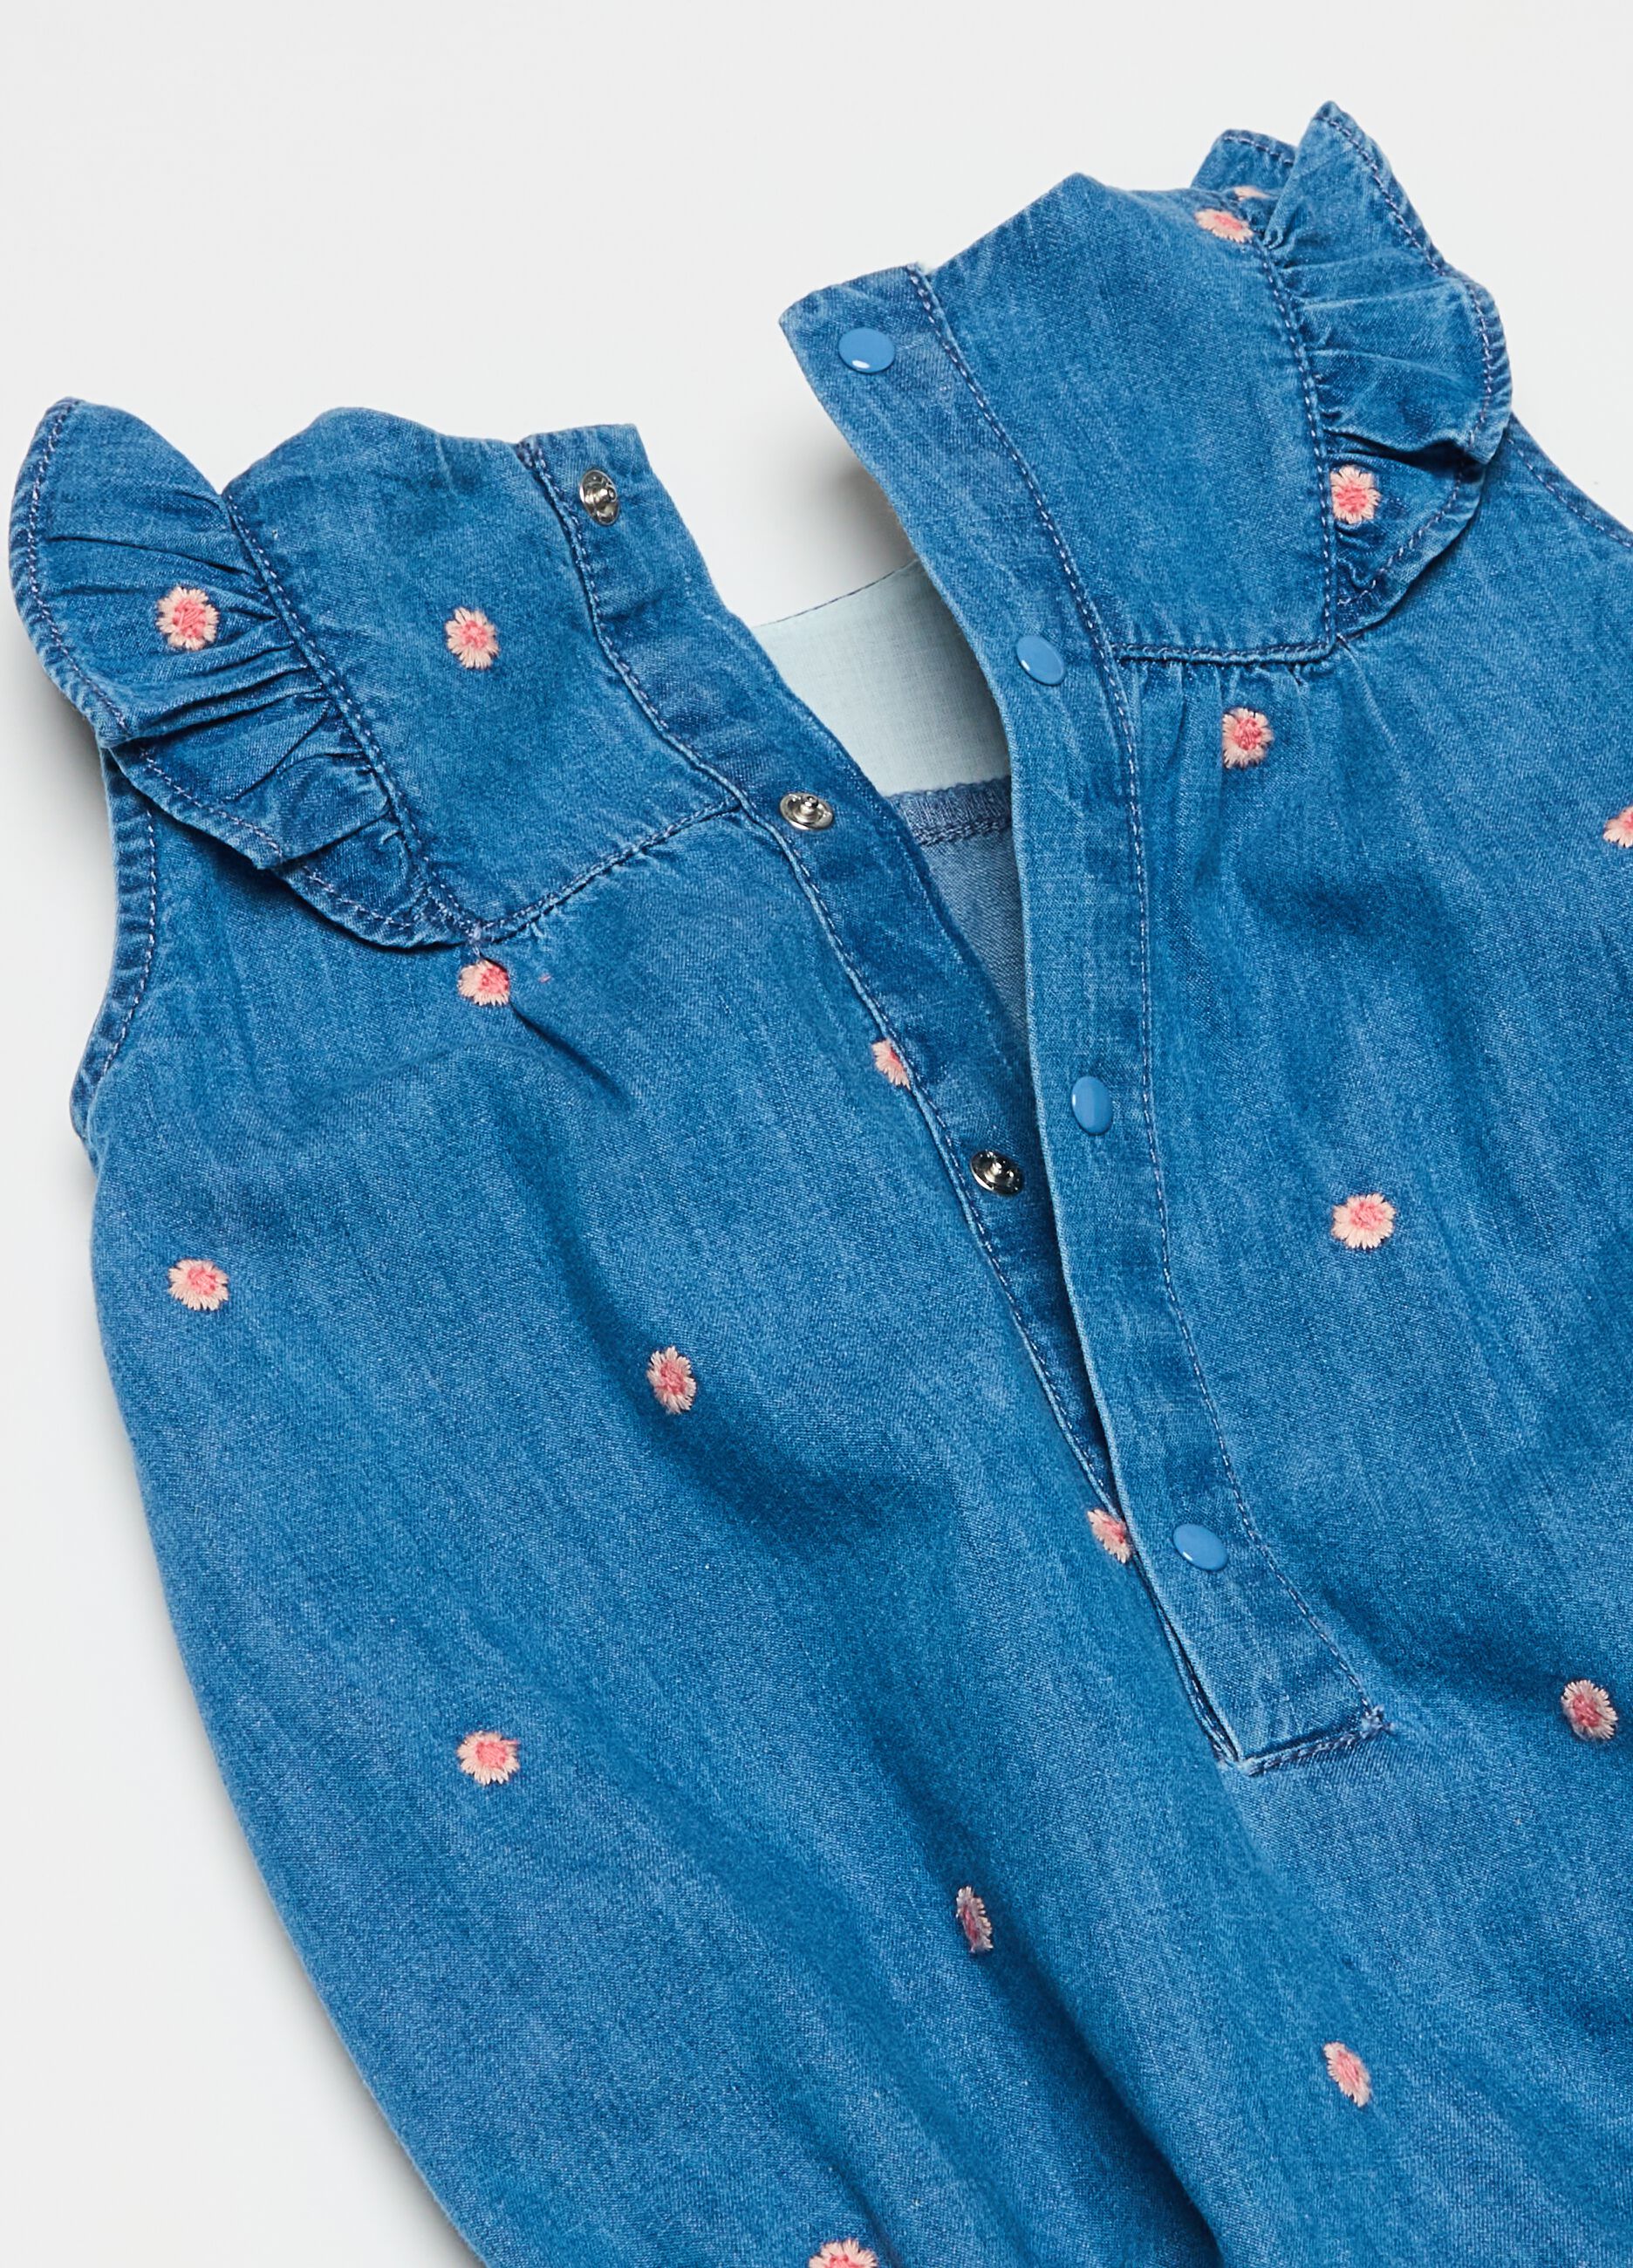 Denim romper suit with small flowers embroidery
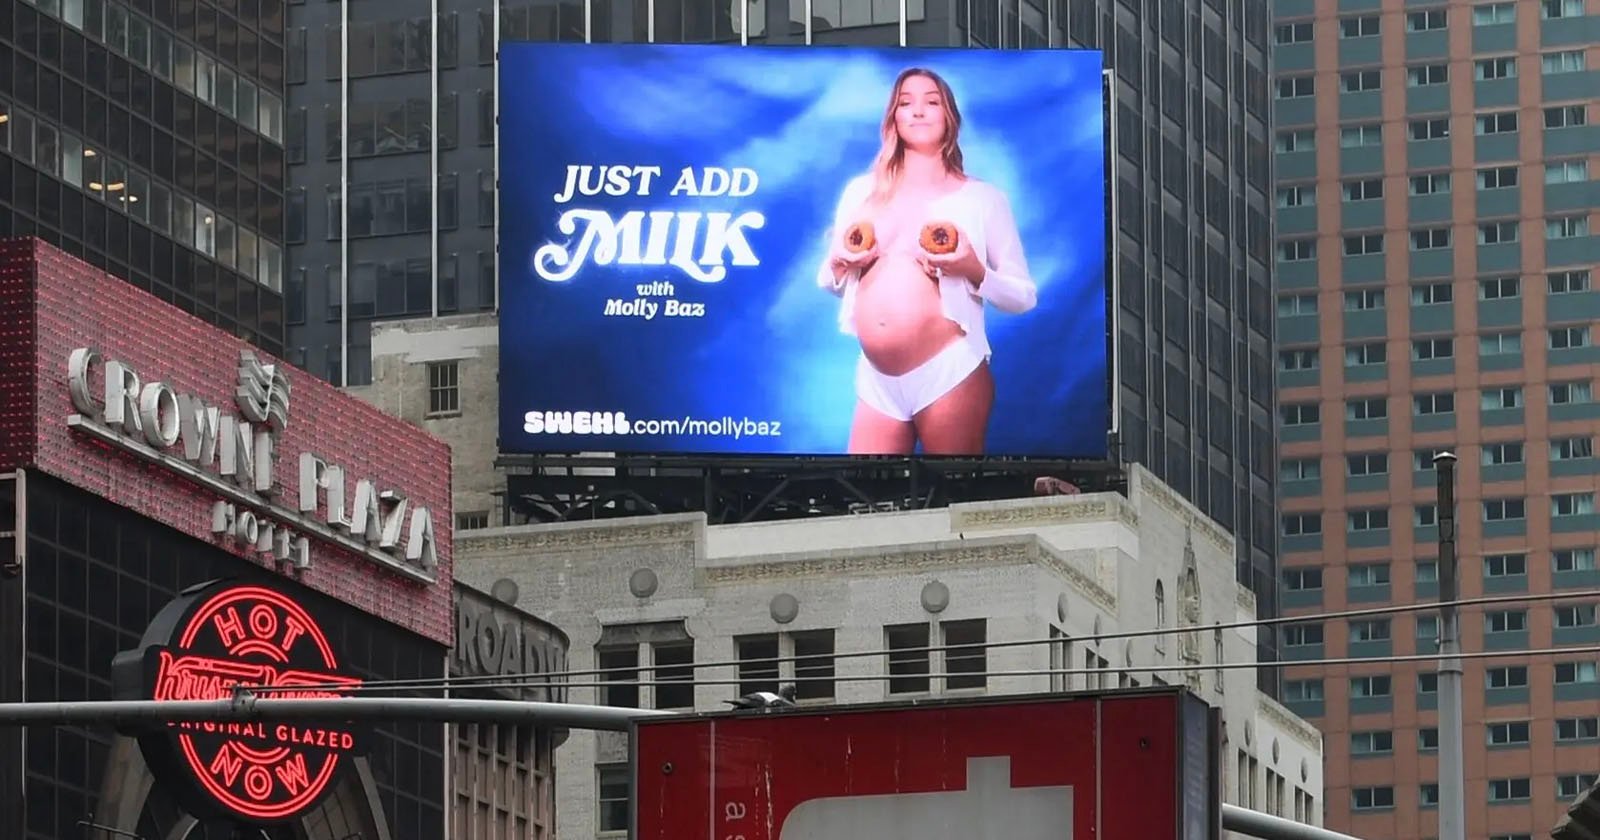 A digital billboard in a cityscape features an advertisement with a pregnant woman holding two bagels over her chest. The text reads, Just Add Milk with Molly Baz and includes a website URL sweetmilk.com/mollybaz. Surrounding the billboard are buildings and a Crown Plaza hotel.
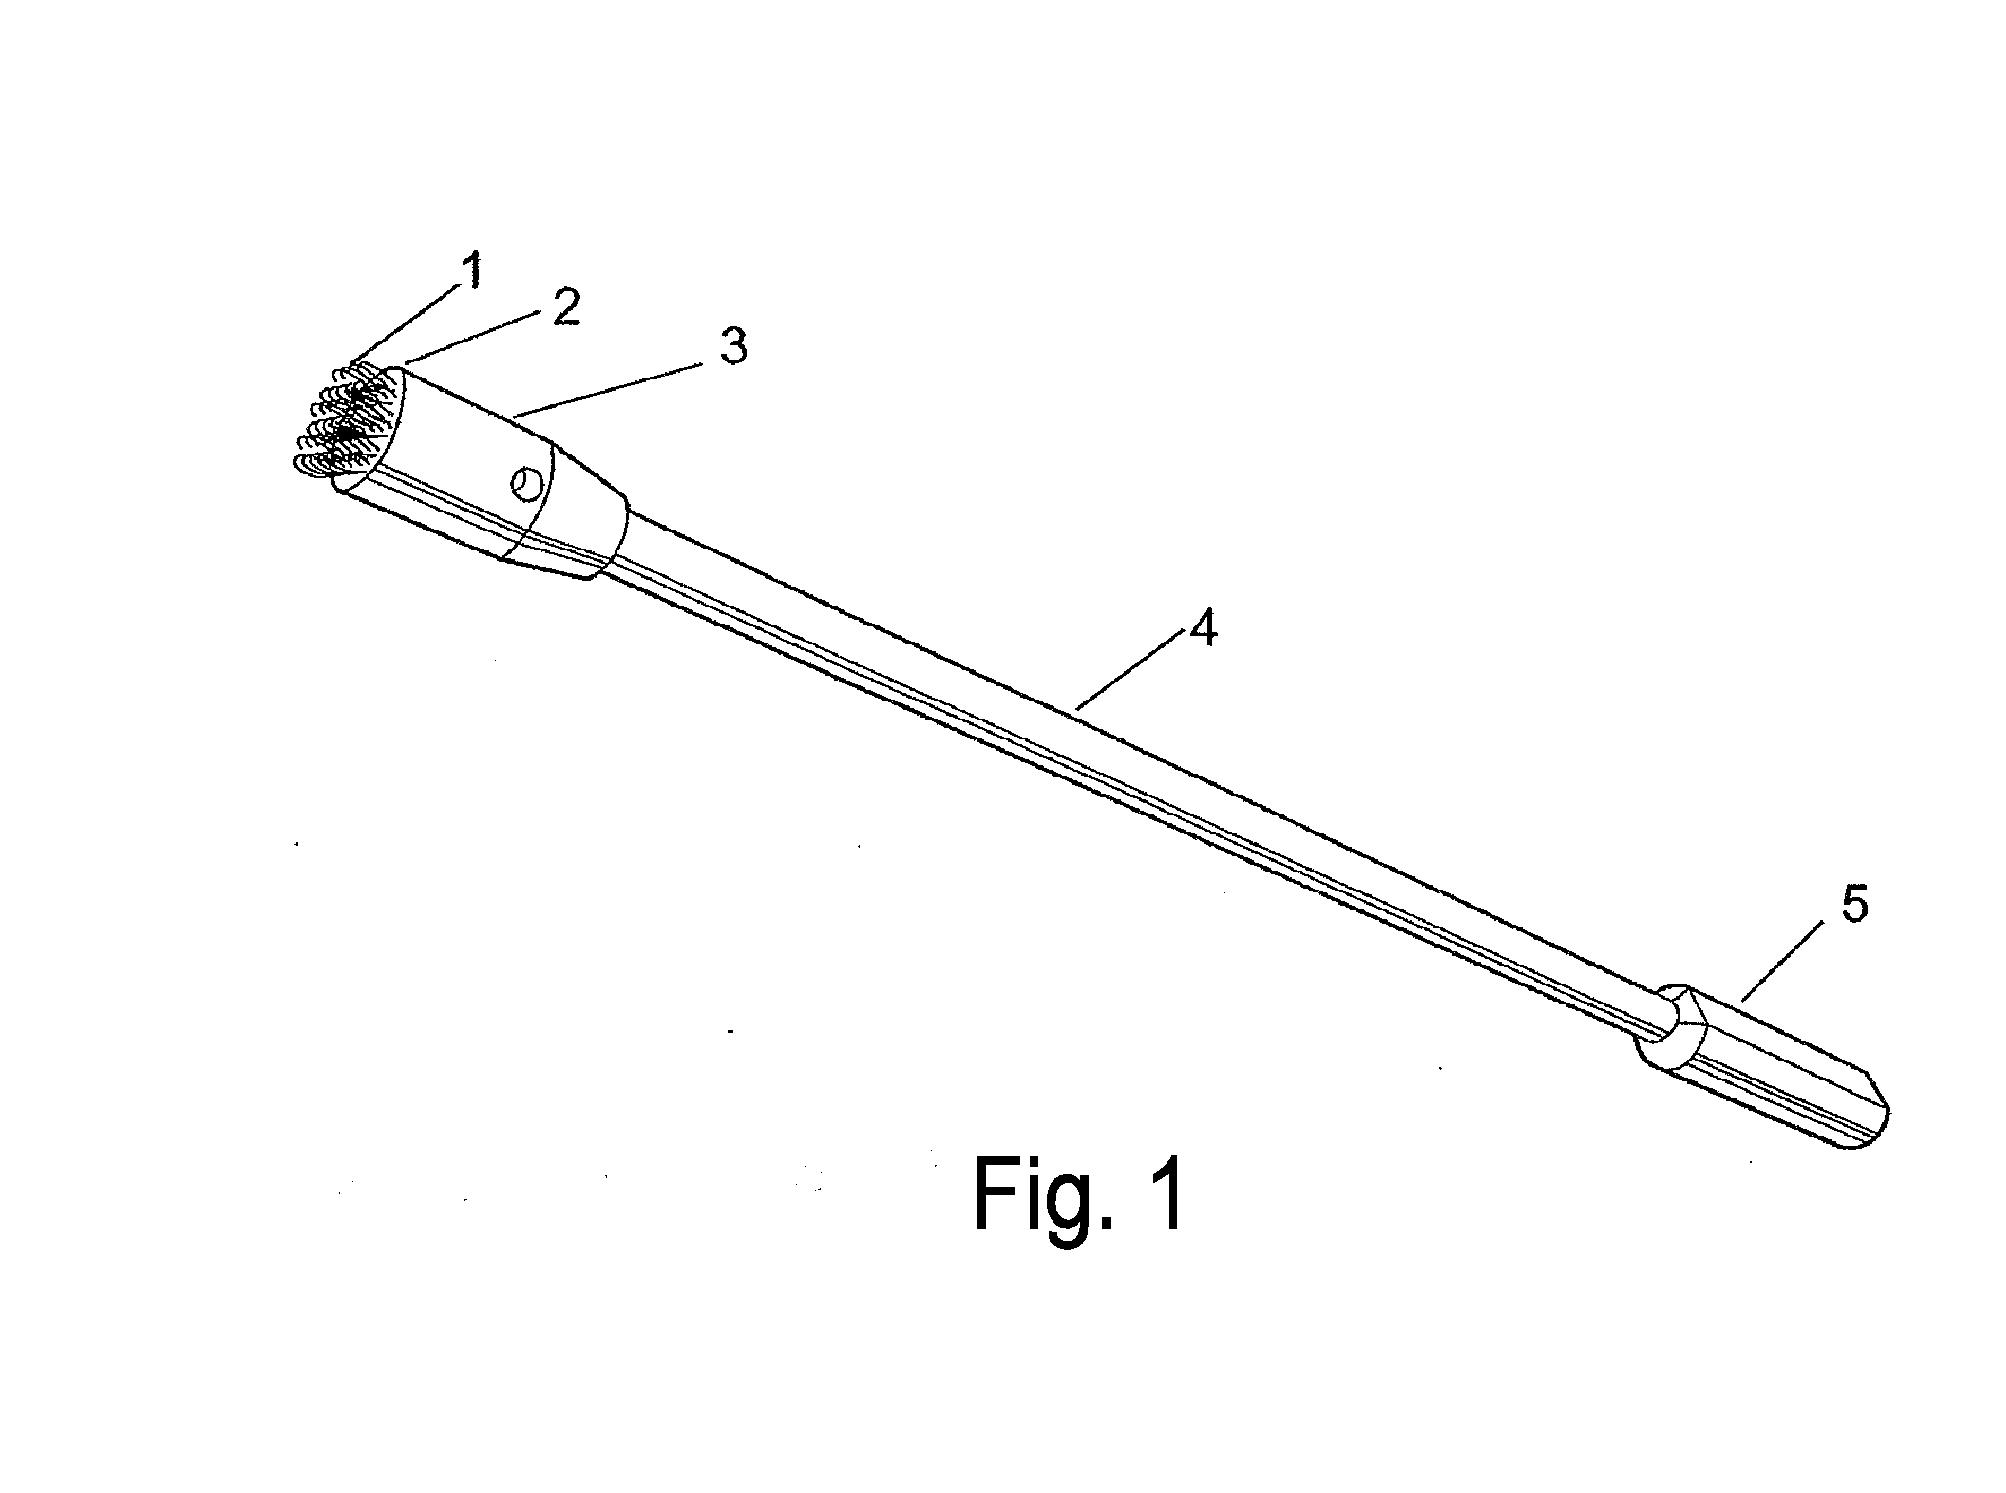 Frictional trans-epithelial tissue disruption and collection apparatus and method of inducing and/or augmenting an immune response
◇ ◇ ◇ ◇ ◇ ◇ ◇
▶ **What is required**
Transcribe the listing above in full and exactly; no pictures belong in the copy.

▶ **Response for this exercise**
 Denim romper suit with small flowers embroidery
 A digital billboard in a cityscape features an advertisement with a pregnant woman holding two bagels over her chest. The text reads, Just Add Milk with Molly Baz and includes a website URL sweetmilk.com/mollybaz. Surrounding the billboard are buildings and a Crown Plaza hotel.
 Frictional trans-epithelial tissue disruption and collection apparatus and method of inducing and/or augmenting an immune response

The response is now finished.